**DESCRIPTION OF THE TASK**
Output the data below exactly, without images.

**INFORMATION SHOWN**

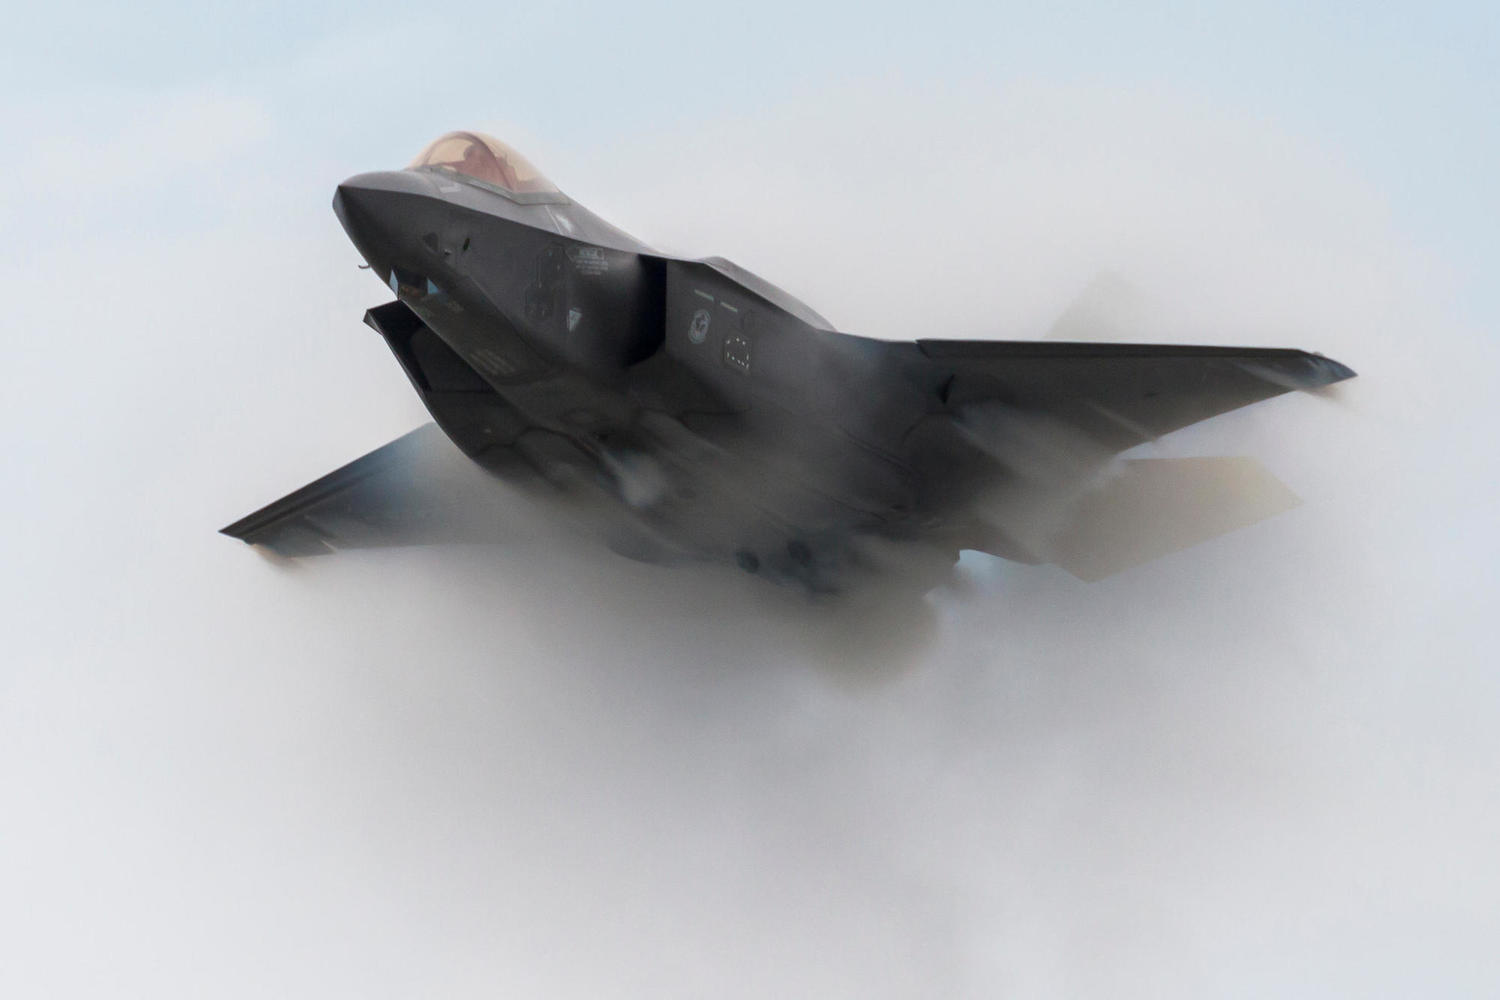 Утвержден план закупок министерства обороны: эскадрилья F-35 и другие дорогие покупки
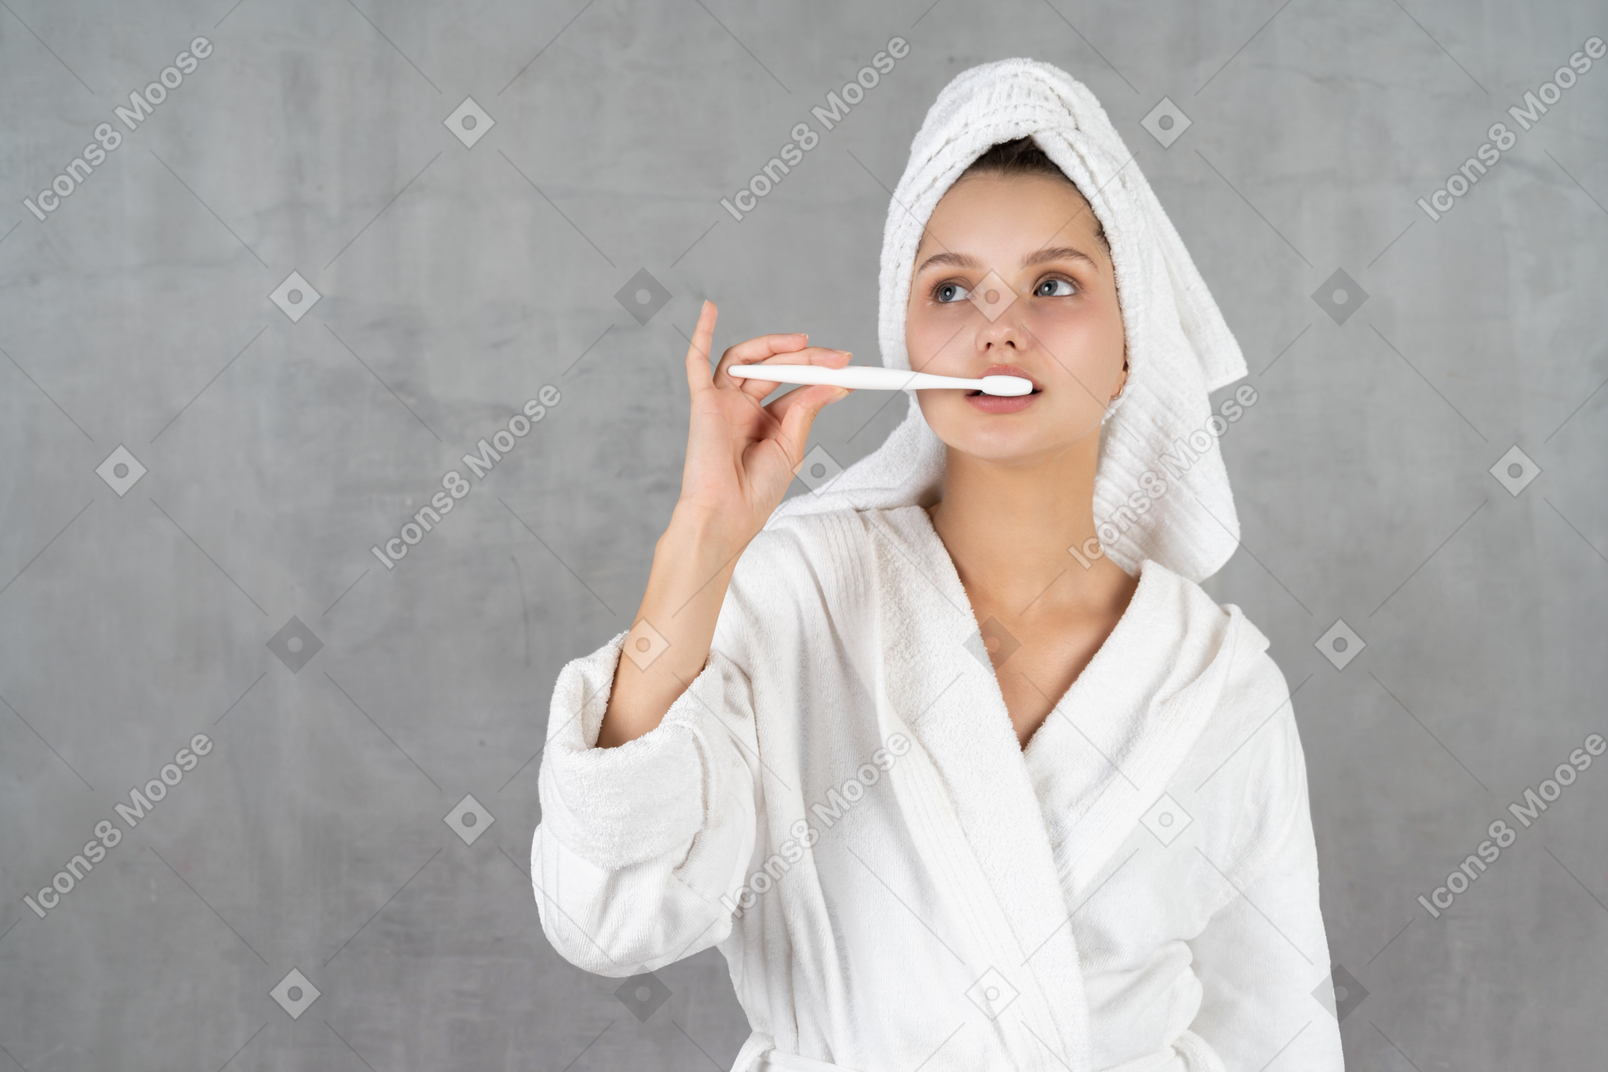 歯磨きをするバスローブ姿の女性
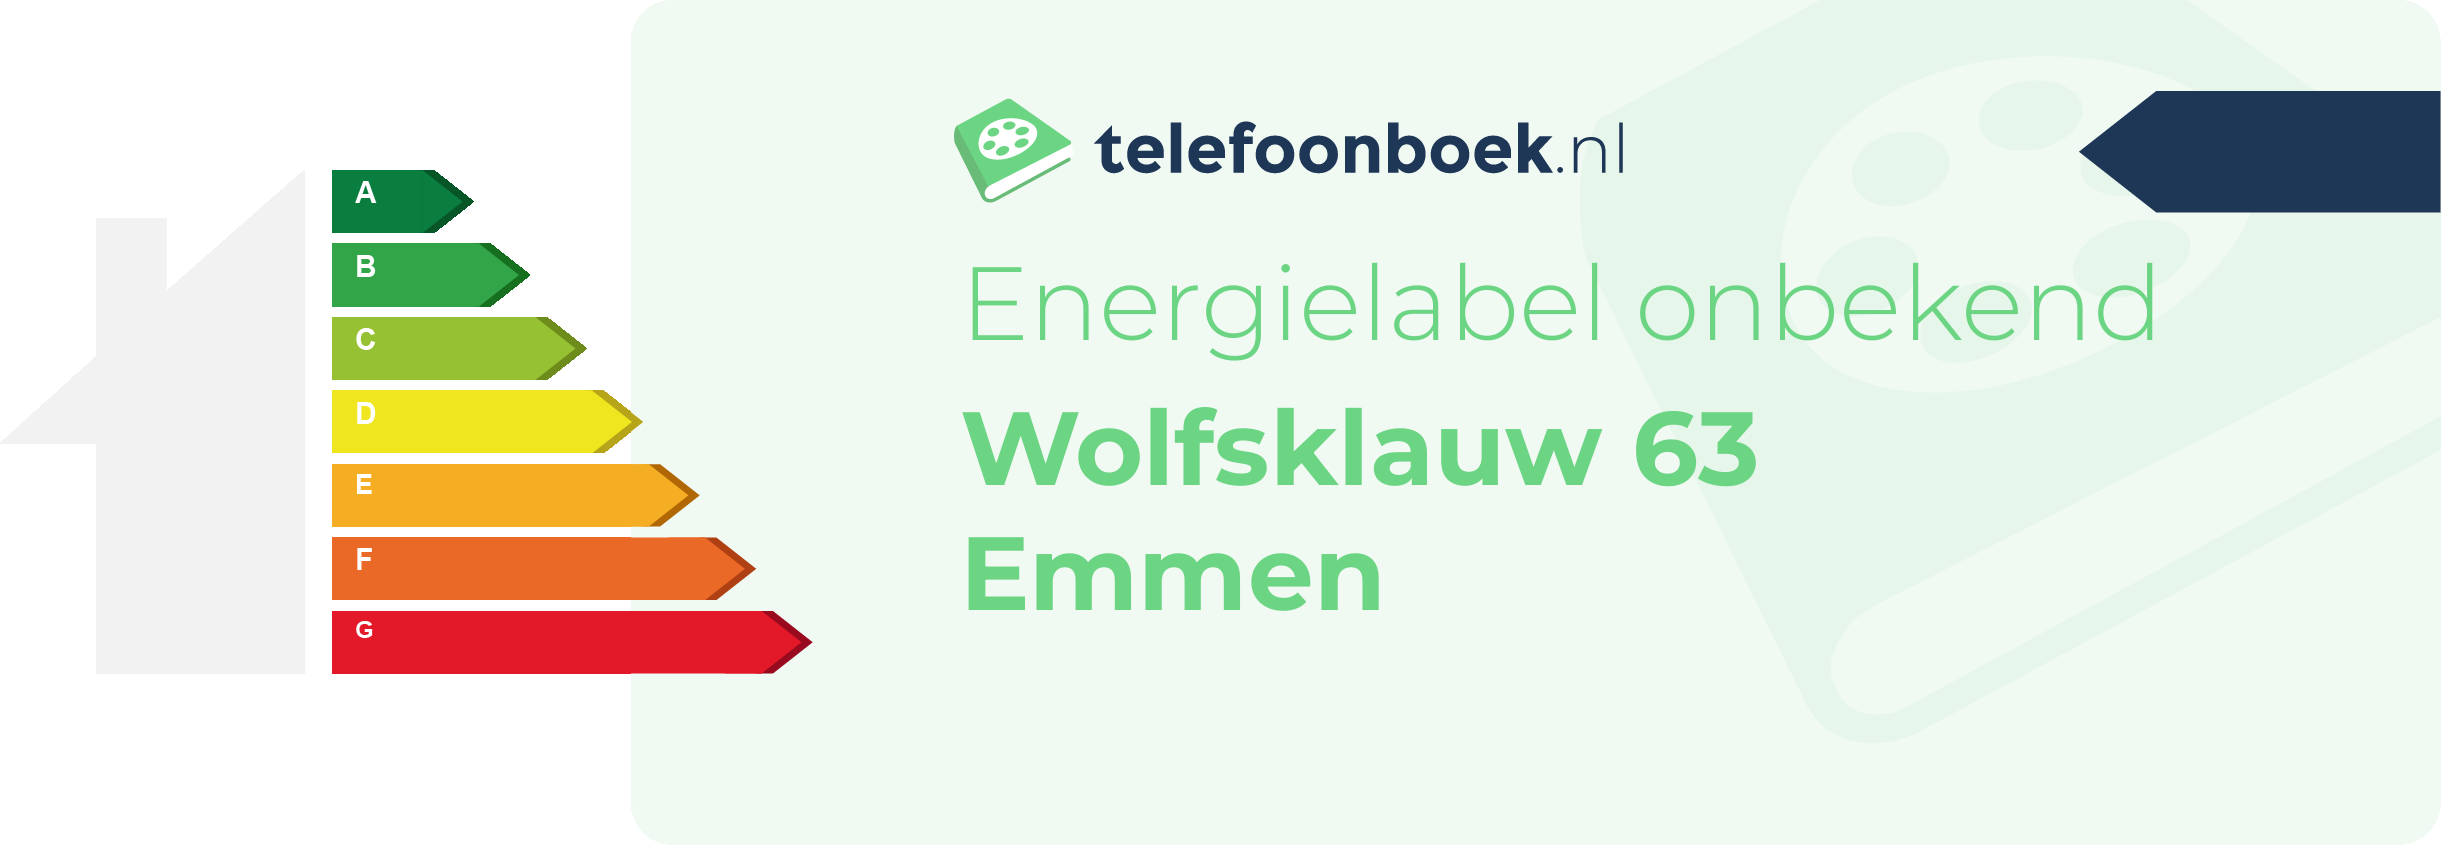 Energielabel Wolfsklauw 63 Emmen

**EXERCISE RESULT**
 Утвержден план закупок министерства обороны: эскадрилья F-35 и другие дорогие покупки
 歯磨きをするバスローブ姿の女性
 Energielabel Wolfsklauw 63 Emmen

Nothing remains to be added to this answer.